Attention, ça va aller très vite :
1. Réalisez la pâte que voici ici et la crème pâtissière que vous trouverez là. Cuisez la pâte à blanc dans les moules qui auront votre préférence.
2. une fois refroidies, garnissez les coques de pâte de crème pâtissière.
3. Cuisez les abricots dans une noix de beurre et avec deux brins de romarin frais. Laissez-les compoter à couvert, mais pas trop longtemps. Garnissez-en les tartes en prenant soin de pas y mettre de romarin. Filtrez éventuellement le jus et recouvrez-en les tartes.

Voilà :


S’il vous manque des détails, demandez à Jean-Baptiste et Thomas. Moi j’ai piscine. Bonne soirée !

Question de frangipane

Faire de la frangipane, ce n’est pas si compliqué que ça et en outre, ça se congèle très bien.
La recette idéale, que tout le monde croit avoir inventé, c’est l’association crème pâtissière + crème d’amande. Quand je dis que « tout le monde croit l’avoir inventée », c’est simplement que tout le monde a sa propre recette de crème pâtissière et du coup, la recette de la frangipane varie.

Avant d’aller plus loin.– Notez que la recette de crème pâtissière (incluse dans la frangipane) qui va suivre est très ordinaire. C’est ce que j’appelle une crème « ingrédient » (qu’on mélangera à autre chose pour constituer une garniture). Si vous voulez une crème pâtissière « fondamentale » pour faire une garniture (éclairs, millefeuilles, choux, etc.), trouvez une bonne recette de crème, telle celle de Pierre Hermé ; c’est ma préférée mais enfin, c’est comme la mousse au chocolat : il faut en essayer beaucoup avant de trouver la bonne, c’est-à-dire celle qui plaît le plus à son propre goût.

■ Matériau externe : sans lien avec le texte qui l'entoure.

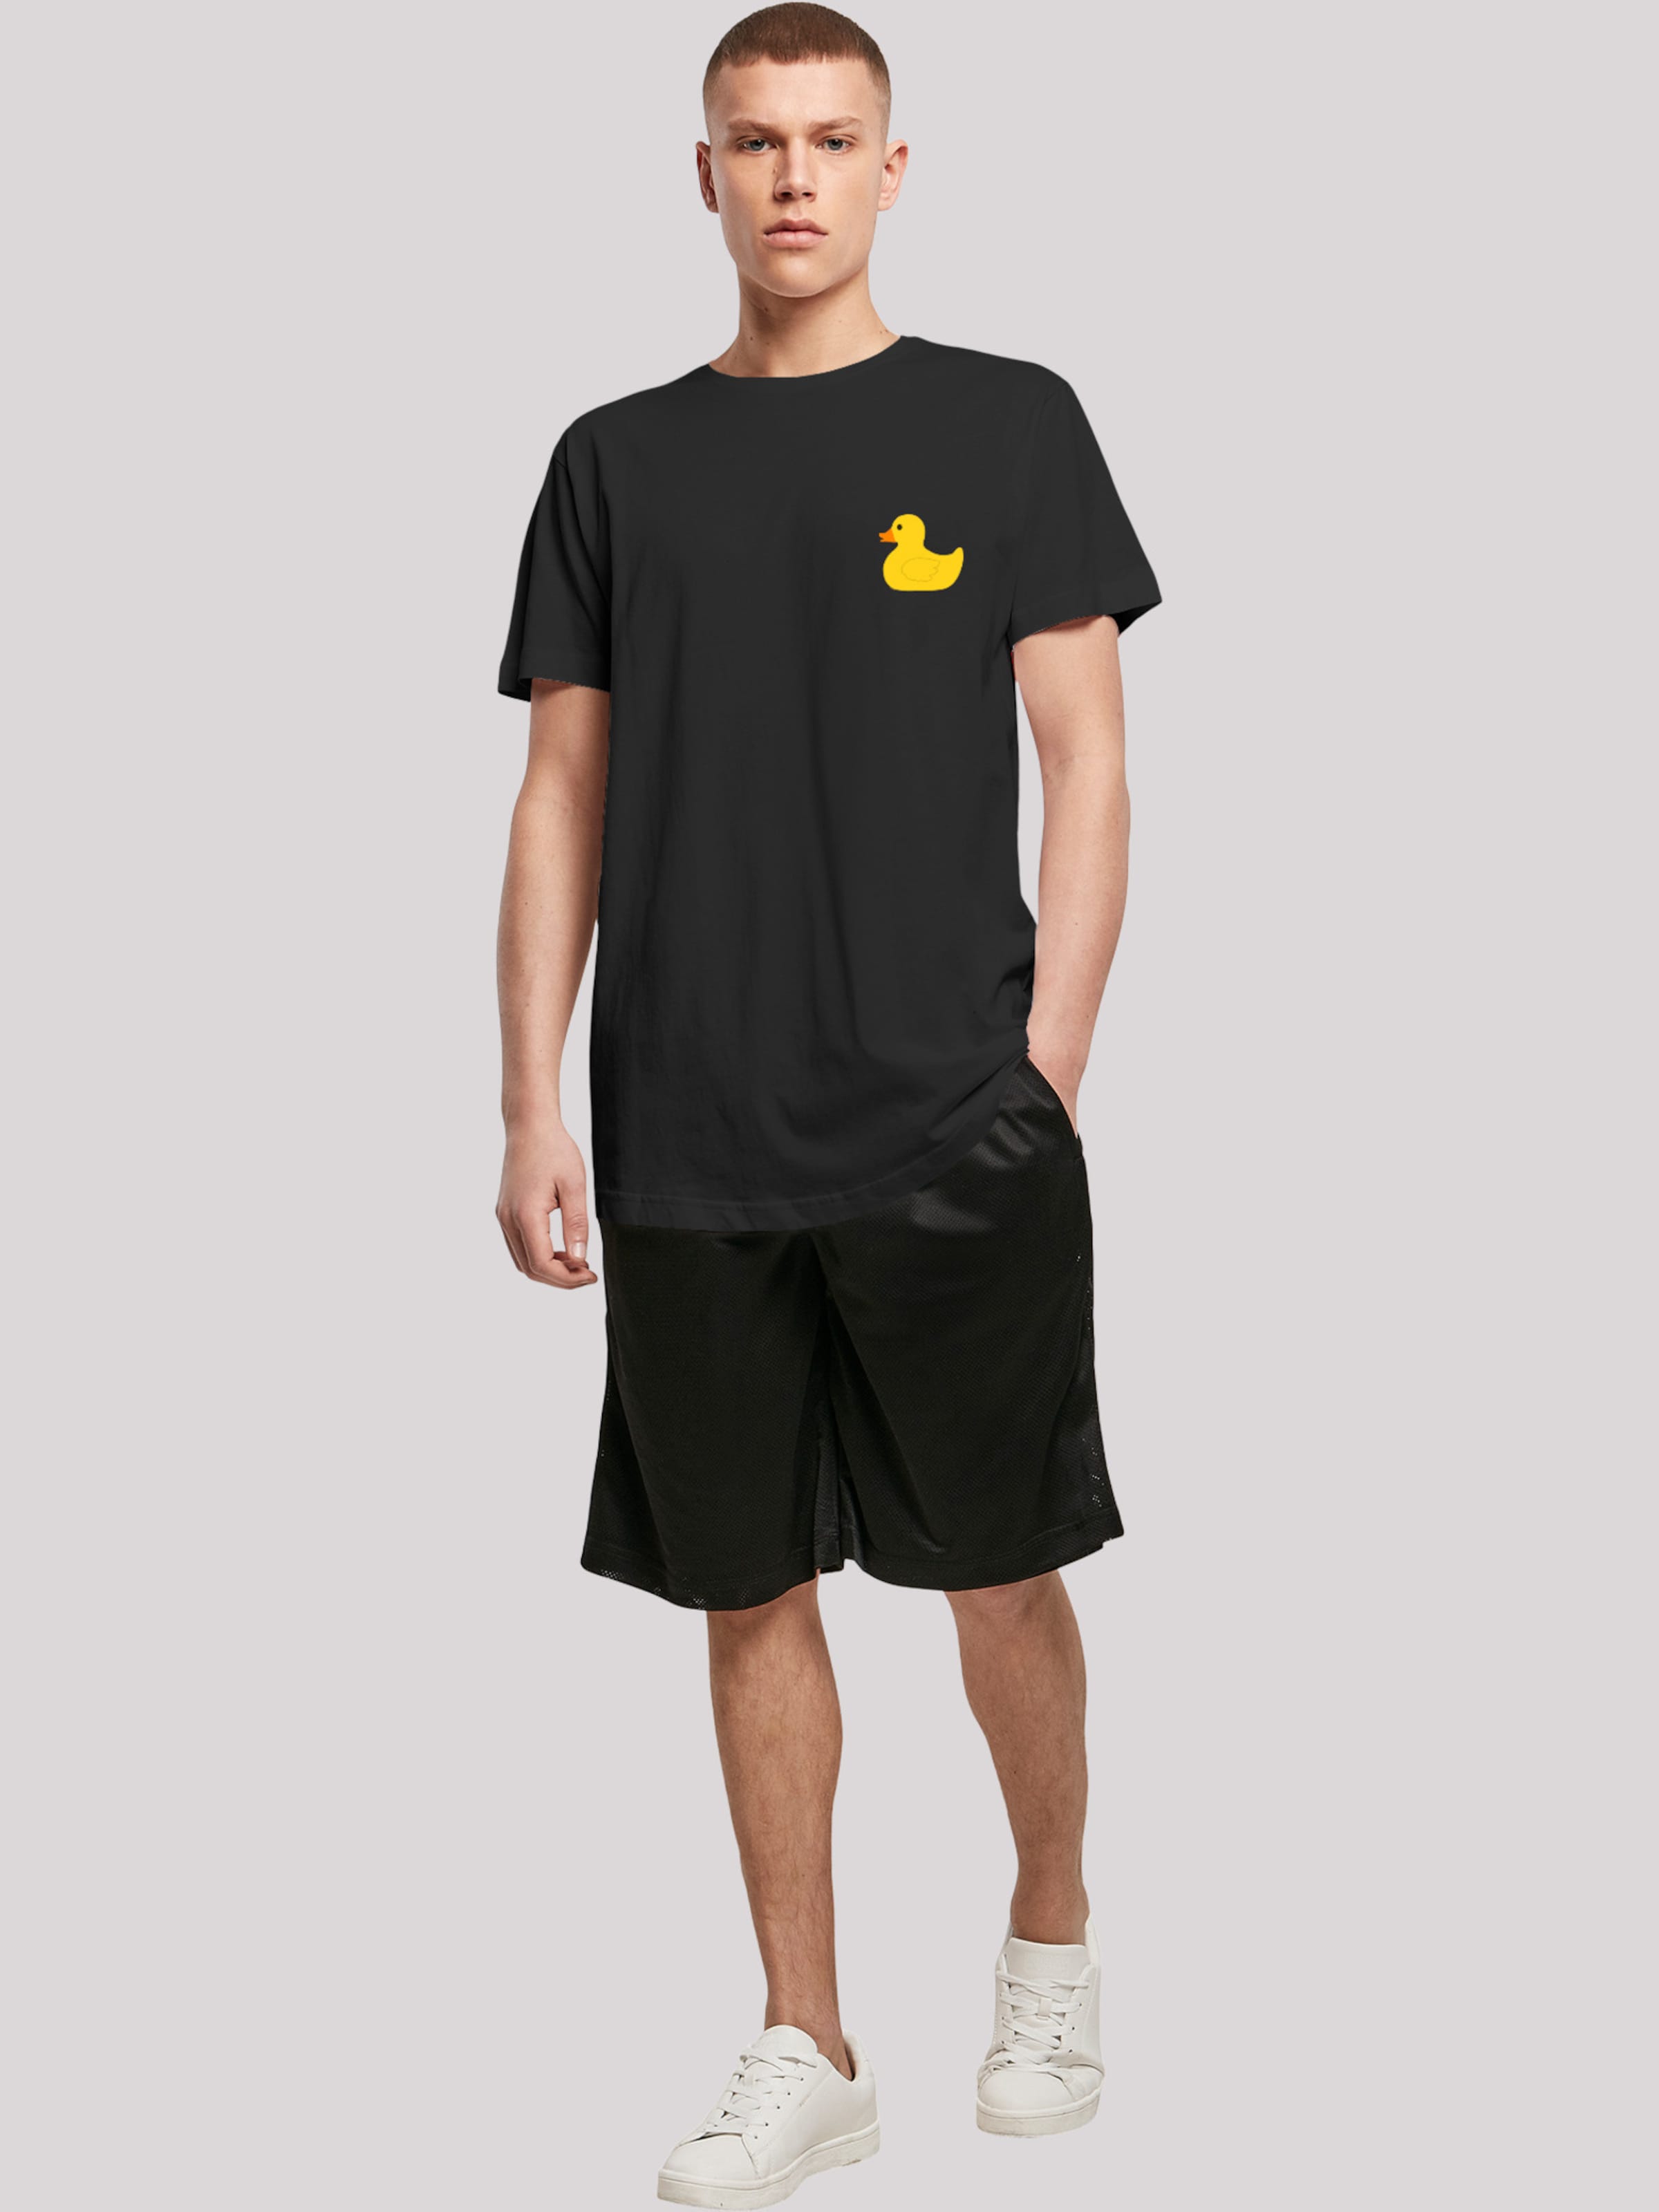 F4NT4STIC Shirt 'Yellow Rubber Duck' in Schwarz | ABOUT YOU
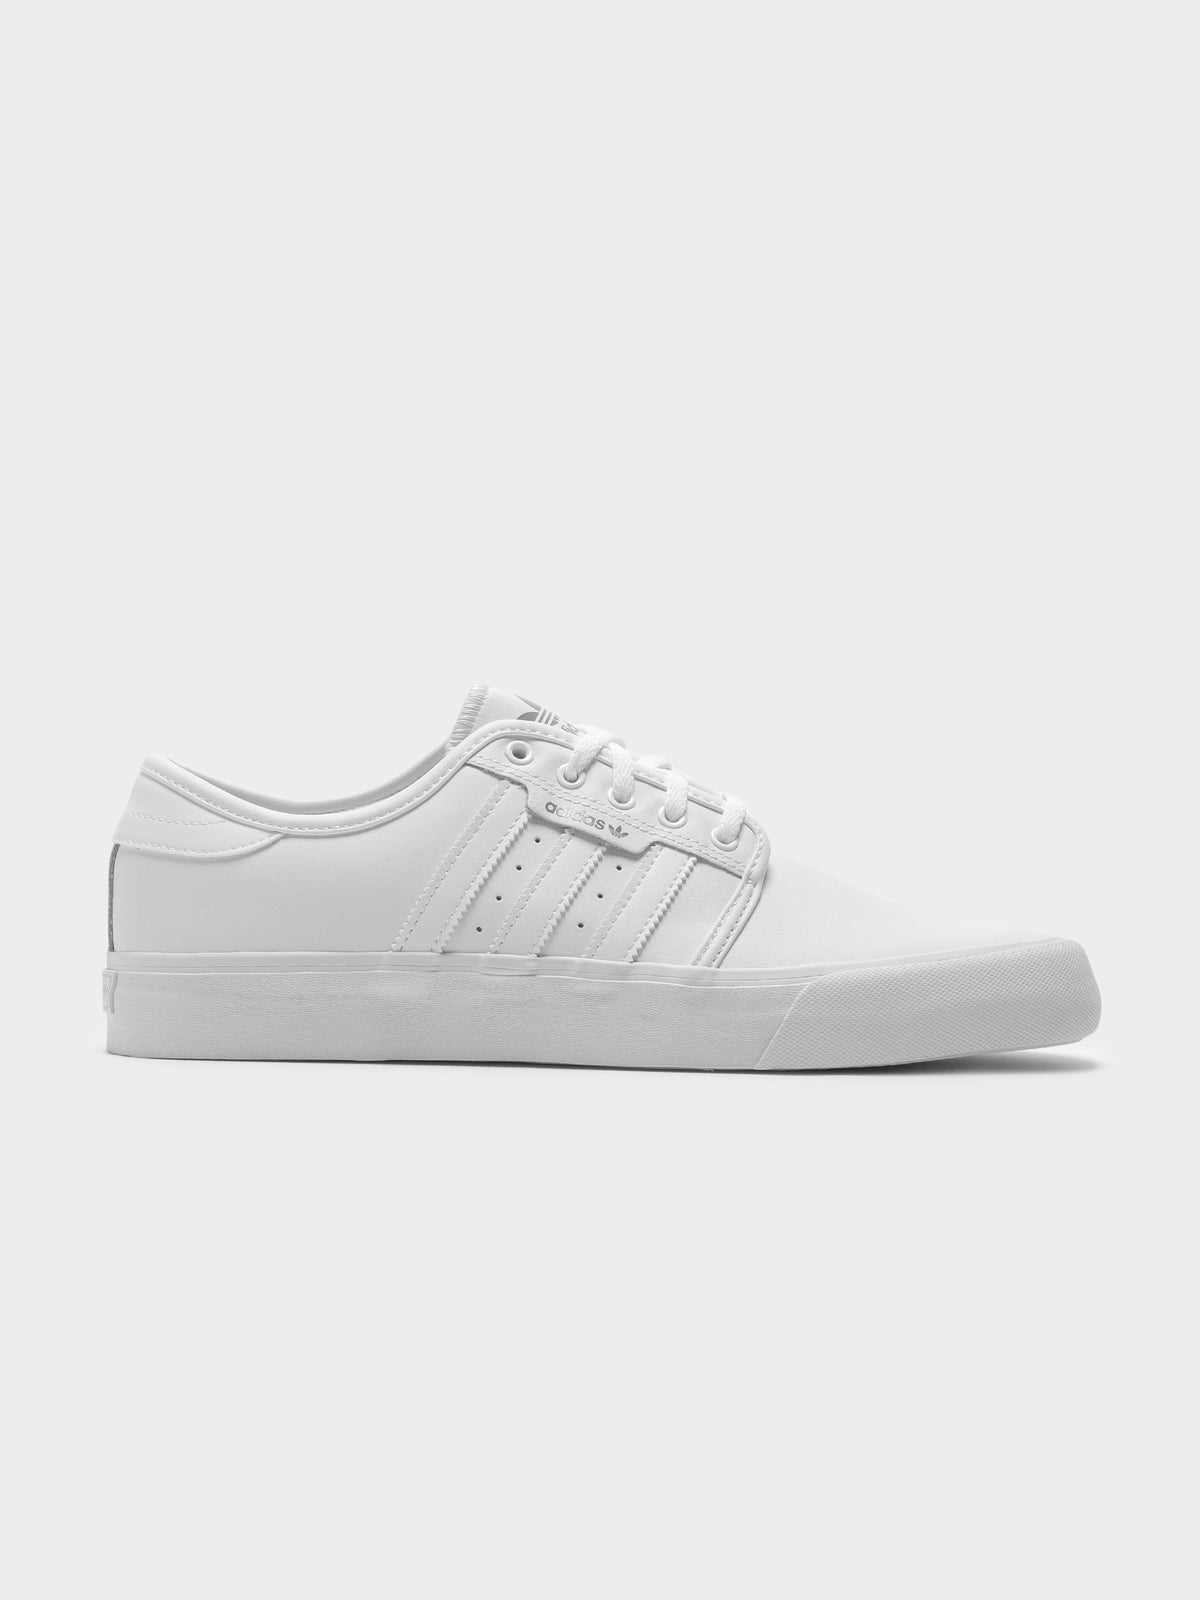 Mens Seeley XT Sneakers in White

Cet avertissement préalable étant fait, allons-y. Cette recette de frangipane vaut pour une galette pour huit personnes.

I. Crème pâtissière. 1. Portez 25cl. de lait à ébullition. 2. Blanchissez 2 œufs dans 60gr. de sucre, puis ajoutez 30gr. de farine + 30gr. de Maïzena. 3. Ajoutez le lait bouillant, mélangez bien, remettez dans la casserole et sur le feu (moyen). 4. Attendez la reprise de l’ébullition sans cesser de battre jusqu’à obtenir une consistance épaisse et crémeuse. Attention, ça va très vite. 5. Conservez dans un endroit tempéré le temps de faire votre crème d’amande, en remuant de temps en temps pour éviter que la surface de la crème fige.
II. Crème d’amande. 1. Blanchissez quatre jaunes d’œufs avec 100gr. de sucre. 2. Ajoutez 150gr. de poudre d’amande et 60gr. de beurre fondu. Mélangez bien.
III. Frangipane. Mélangez la crème d’amande à la crème pâtissière. Utilisez aussitôt pour faire votre galette. Si vous avez doublé les proportions, attendez que votre reste de frangipane soit froid avant de le congeler.

Notez bien.– Vous pouvez conserver vos blancs d’œufs (quatre, plus un autre car il vous faut un jaune d’œuf pour dorer la galette, donc cinq au total) dans un récipient filmé (au papier cellophane, pas en Super 8) jusqu’à trois semaines au frigo (sisi, j’ai bien dit trois semaines) en attendant de vous en resservir pour un autre usage.